Alongside the graphs, my function also generates some simple descriptive statistics for students' data. We calculate the Mean, Median, Mode, Range, and Interquartile Range. Hovering over each number gives us a brief description of what that particular statistic means. This is a good opportunity for the teacher to go over how descriptive statistics work, and for the student to see them in action, with data they've collected themselves.
Students are encouraged to come up with a couple of hypotheses about their data, and then gather evidence for or against their hypotheses.They can copy the graphs and descriptive statistics as relevant in order to write a short evidence paragraph.

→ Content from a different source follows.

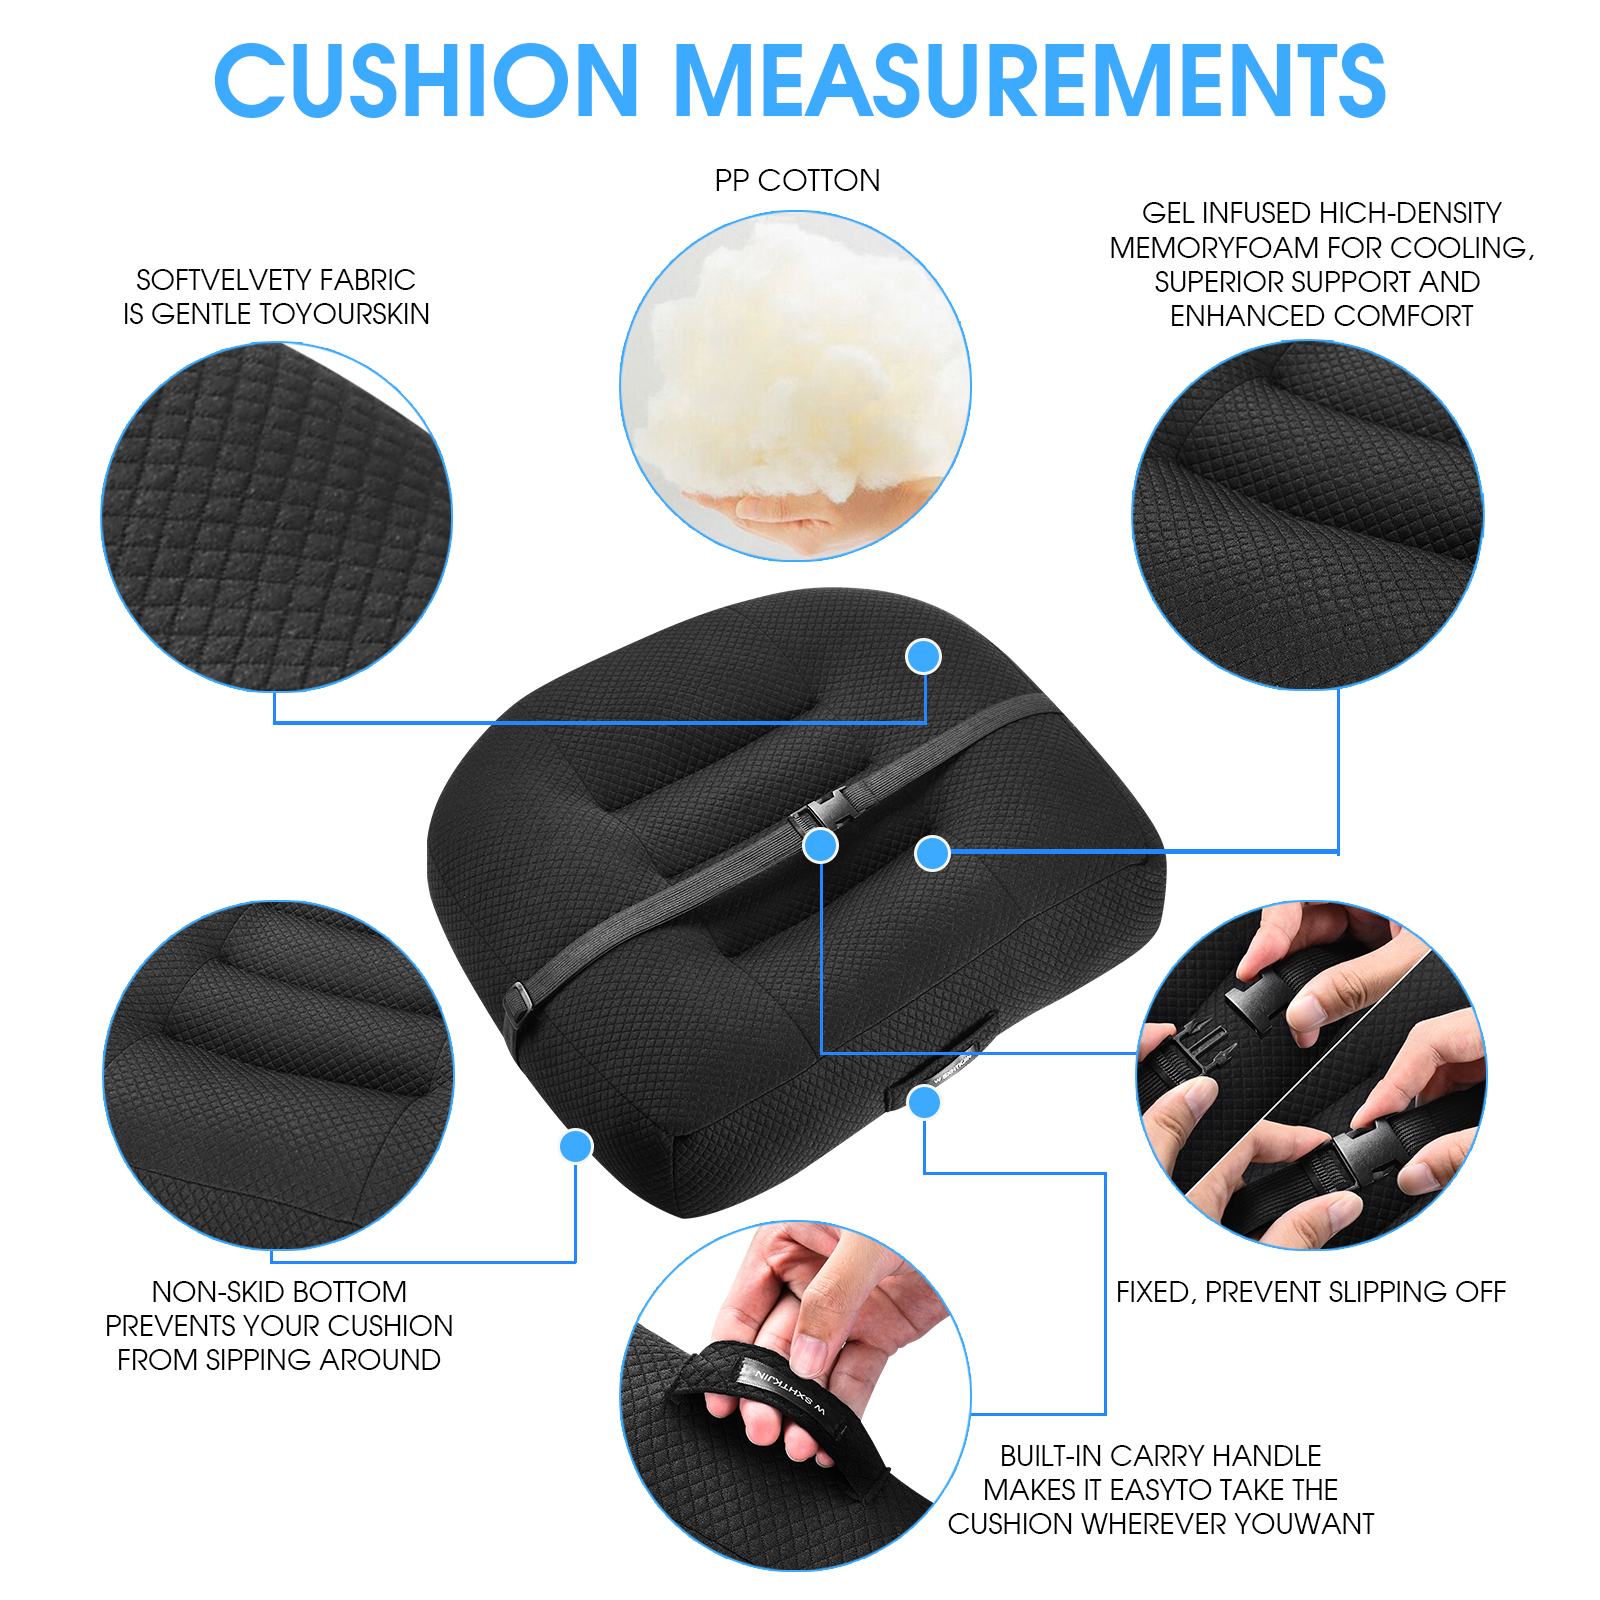 Tohuu Car Booster Cushion Adult Seat Booster Car Memory Foam Car Cushion  For Truck Driver Short People Office Chair Wheelchair Plane competent

Often, students will come up with hypotheses outside the current scope of my function. Perhaps they're interested in seeing if the number of glasses of water their peers drink in a day is correlated with the minutes of exercise they do. While this will eventually be incorporated into the function, at the moment it's a cool opportunity to learn more about correlation, and write more simple Wolfram code. Drawing a scatter graph between two data sets in Wolfram is simple. Here we're using the data from the questions about Minutes of Exercise and Glasses of Water drunk.
ListPlot[Transpose[{{30, 10, 25, 40, 80, 30, 25, 35, 20, 15, 25, 45}, {7, 5, 4, 6, 5, 7, 6, 8, 12, 7, 7, 7}}]]
Throughout this module, students are asking big questions about the nature of data visualisation. Why do some charts explain/describe the data better than others? Why do we use data visualizations instead of just showing the data? What do descriptive statistics show us about the data? They're also learning about different forms of statistics, and learning how to think like a computer enough to give simple commands in the Wolfram Language.
There's a lot of scope for expansion in this project. I'd like to integrate options for correlation, comparing multiple sets of data on the same charts, and more complex descriptive statistics.
Computational Explorations are a great way to help students learn about important math and science topics while developing their computational, critical and creative thinking skills. Analysing their own data in this project gives a sense of agency and ownership over their project that answering questions from a book couldn't give.
I plan to work with middle school teachers in order to get this project trailed in schools, and make improvements and changes based on their feedback. Improving and developing this project will hopefully form the bulk of my undergraduate dissertation.
I very much enjoyed working on this project at the Wolfram Summer School, and I'm looking forward to extending it in the coming months.